First I mixed up the one with agave and olive oil. It also got some extra yeast, so this loaf is a hybrid of wild and commercial yeasts.
Then I mixed up the one with no optional ingredients. I did find that the dough with no sweetener or oil was fairly dry and required me to wet my hands once to get all the flour incorporated. That's all it required though.
Method
I bulk fermented and proofed it as Reinhart would have us do.
Forming the dough: First, the batardy shape:
Then the boule:
During the last 30 minutes of the proofing in baskets, I preheated the oven with 2 casserole dishes in it, to 500 degrees F. As stated above, I plopped them into the hot pots and closed them without scoring the loaves, expecting them to blow apart wherever they would.

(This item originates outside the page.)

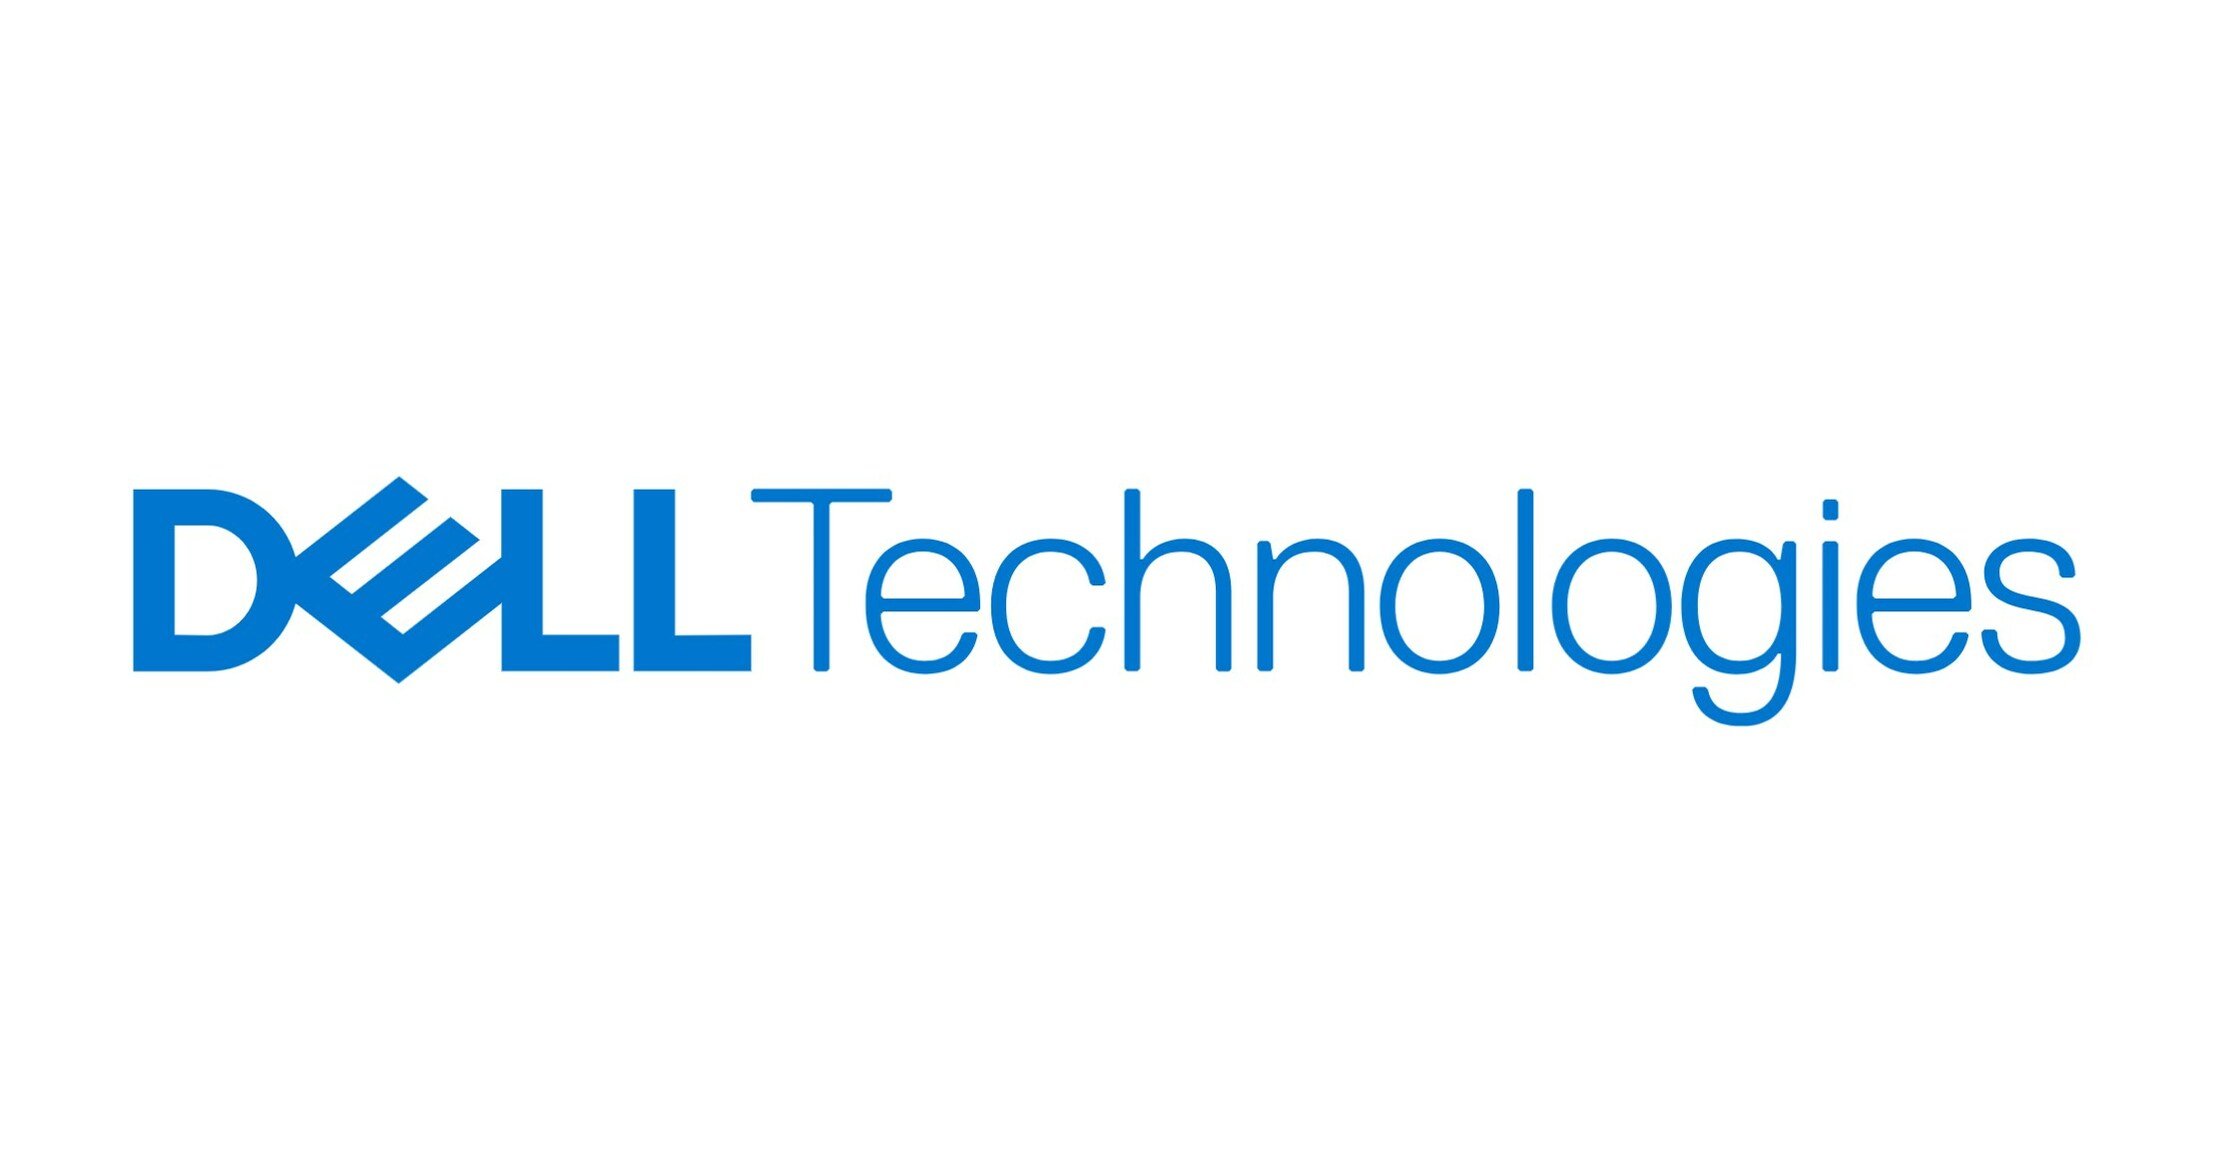 Top Digital Transformation Solutions Companies: Dell

The boule wasn't in the middle of the dish, so would bake a little unevenly |
That gives the loaves this sort of haphazard, rustic look.

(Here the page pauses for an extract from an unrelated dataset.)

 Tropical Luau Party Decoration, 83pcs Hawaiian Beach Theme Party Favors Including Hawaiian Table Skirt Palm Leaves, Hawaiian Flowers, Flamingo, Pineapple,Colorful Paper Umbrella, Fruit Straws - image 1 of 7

The temperature was turned down to 425 degrees F ten minutes into the baking. Then minutes later, the lids came off and the bread was baked another 15 minutes.
Getting them out of the casserole dish required a bit of persuasion with a spatula, always dangerous.
I took them outside to the picnic table for a few shots. The sun was going down in a brilliant blue sky -- the first lovely day in a week or more of rain.
The loaves look and smell wheaten.
Results
Sliced into the unenhanced loaf the next morning. Despite its misshapen appearance, the bread's crumb looks similar to the bread I made the other day with my blunder -- perhaps even a bit of a tighter crumb. I suspect that this is because the blunderbread I made the other day had a longer bulk fermentation (it could, of course, and this one couldn't. Why? Because all the material in this loaf is already fermented, and I had to add extra wheat to that blunderbread to get it to adhere together.)
The crust is substantially crunchier. I suspect that this is merely a result of how it was made (and perhaps how hot I made it). Depends upon what you want in a bread, I guess. I enjoy this. My mother-in-law would break her tooth on it.
Tastes okay.
Notes to Myself
- These look okay. But the crust might be a trifle too crunchy. Would it have been better to try to rub something on them, to moisten them during the last few moments of the baking? Recently Shao-Ping -- who is easily THE BEST bread-blogger in the world today (even if she claims not to like the taste of whole wheat breads, and even if she has decided she cannot get the bread results she likes by using 100% whole grains, and even if she claims to be burning herself out recently!) did an interesting looking garlic-wash during the last 5-10 minutes of baking. That looked good. Try that some time.
- What have you decided, about keeping the sourdough starter out for 24 hours? Probably not the best idea, but because of my working situation, and my full fridge situation, I couldn't really correct this. Next time, I think I'd like to leave it in the fridge after 2 hours of room temp, if at all possible. It wasn't, this time.
- Now I've made this a few different ways. I know I haven't mastered it, but I'm comfortable with the possibilities. Time to move on.